By Stephanie Salter
Forty years ago Sunday, I was trying really, really hard to get the hell out of Woodstock, N.Y.
That fact has always provided me with a classic good news/bad news story to tell. Or maybe it’s an impress/deflate story.
“I was at Woodstock,” I say, when the subject of the near-mythological 1969 rock festival comes up.
“Wow! Really??” people always respond, until I add:
“But I left after the first day.”
Ordinarily, being a member of a group of a half-million people brings little distinction to an individual. Like, “Guess what? I live in McAllen, Texas!”
But to have been among the half-million people who descended on Max Yasgur’s farm near Woodstock between July 15 and 18 in 1969 — well, that still carries the sort of cachet that was earned from being in the crowd at the Polo Grounds in 1951 to see Bobby Thomson’s shot heard ’round the world.
(The Giants win the pennant! The Giants win the pennant!)
The truth is, I am most grateful I went to Woodstock and got to be a little part of that historic “three days of nothing but peace and music,” to quote farmer Max.
At the same time, I’m not at all sorry I left. I may have looked like a hippie that summer — with Indian-style headband, bellbottom jeans and my fingers in a perpetual peace sign — but just beneath the ensemble was a Midwestern, middle-class princess who never cared for camping, outdoor toilets or watching live music while sitting in mud.
Actually, if there had been enough outdoor W.C.s at Woodstock, I and my two companions might have chosen to hang in there for the entire festival. But there weren’t (not by a long stretch), so the three of us, standing miserable and exhausted in the Saturday morning drizzle outside my boyfriend’s car, took a vote.

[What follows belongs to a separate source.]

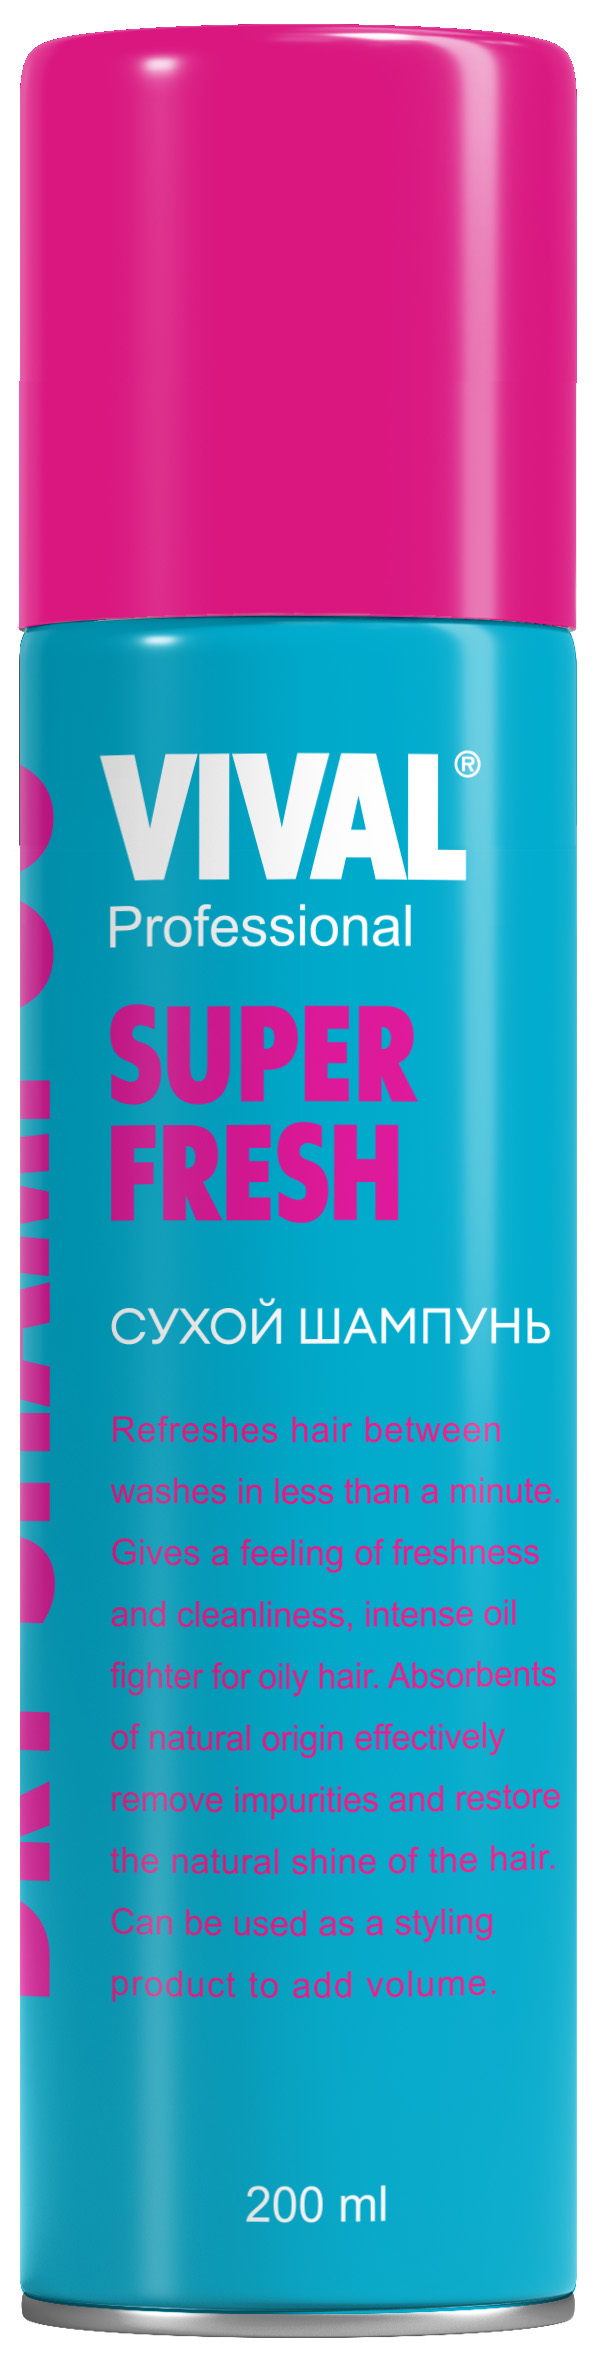 Шампунь сухой Vival Super Fresh 200 мл

It was unanimous. As soon as the New York State Police managed to clear one lane of the paralyzed state highway on which we were parked, we were out of there, headed back to Manhattan to drop off our friend, Larry, then to Washington, D.C., where Bill and I were living.
The festival organizers’ critically low crowd estimates were no one’s fault. About 186,000 tickets had been sold in the weeks leading up to the “Aquarian Exposition in White Lake, N.Y.” The producers figured maybe 200,000 people, at most, would schlep up to the Woodstock-Bethel area for a dynamite, but eclectic, array of contemporary musicians.
Bill and I didn’t even have sleeping bags. I think we thought we’d all get a motel room. Free rice kitchens had been promised. Plenty of port-a-johns. And no one had expected that endless deluge of rain.
We three had bought tickets for $18 each, which was a lot of money back then. No one ever took the tickets from us because, by the time we arrived Friday afternoon, fences had been cut and trampled, and the hillside rising above the stage was jammed with humanity. We thought it was cool when the official announcement came that “it’s a free concert.”
I still think it’s cool. I think everything about Woodstock is cool. Each time I watch the Oscar-winning documentary on the festival (I have the 1994 director’s cut), I am blown away all over again by the profound beauty of the gathering and, especially, by the music.
In my brief time on the hillside, I saw and heard Richie Havens open the first night and Joan Baez close it. In between were seven other acts, including Ravi Shankar, Melanie and Arlo Guthrie, and an invocation by Swami Satchidananda.
(His prayer must have worked. In the three-plus days of borderline chaos, only two people died: one from a heroin overdose and another poor kid whose muddy sleeping bag was run over accidentally by a tractor.)
Yeah, we missed all the rest. Jimi. Janis. Country Joe. Santana. Canned Heat. The Dead. Creedence. Sly. The Who. Jefferson Airplane. Joe Cocker. The Band. BS&T.; Crosby, Stills, Nash & Young. Paul Butterfield. Et al.
It’s OK.
Perhaps if there were no film, or if it hadn’t been edited so expertly by Martin Scorsese and his ace A.C.E., Thelma Schoonmaker, I would feel I’d lost something by leaving early. But there is a movie, 225 glorious minutes of it, and the mother of all soundtracks. Forever.
Not long ago someone asked me if I planned to attend any of the 40th anniversary Woodstock festivals. “Not even tempted a little to go back to New York?” he said of the events planned on the old site.
Not for a minute. I was 19 years old when I bailed on Woodstock. The princess has only gotten more sensitive to peas under the mattress in the ensuing four decades.
Instead, I plan to commemorate one of the most extraordinary U.S. gatherings in modern times in the comfort of my own living room, watching every second of director Michael Wadleigh’s documentary. As a nod to the significance of the event, I am splurging on some really good champagne.
If I should happen to drink it all over the course of the 3-hour-45-minute film, I needn’t worry. I can hit “pause” whenever I want, and there’s a nice, clean bathroom very close by.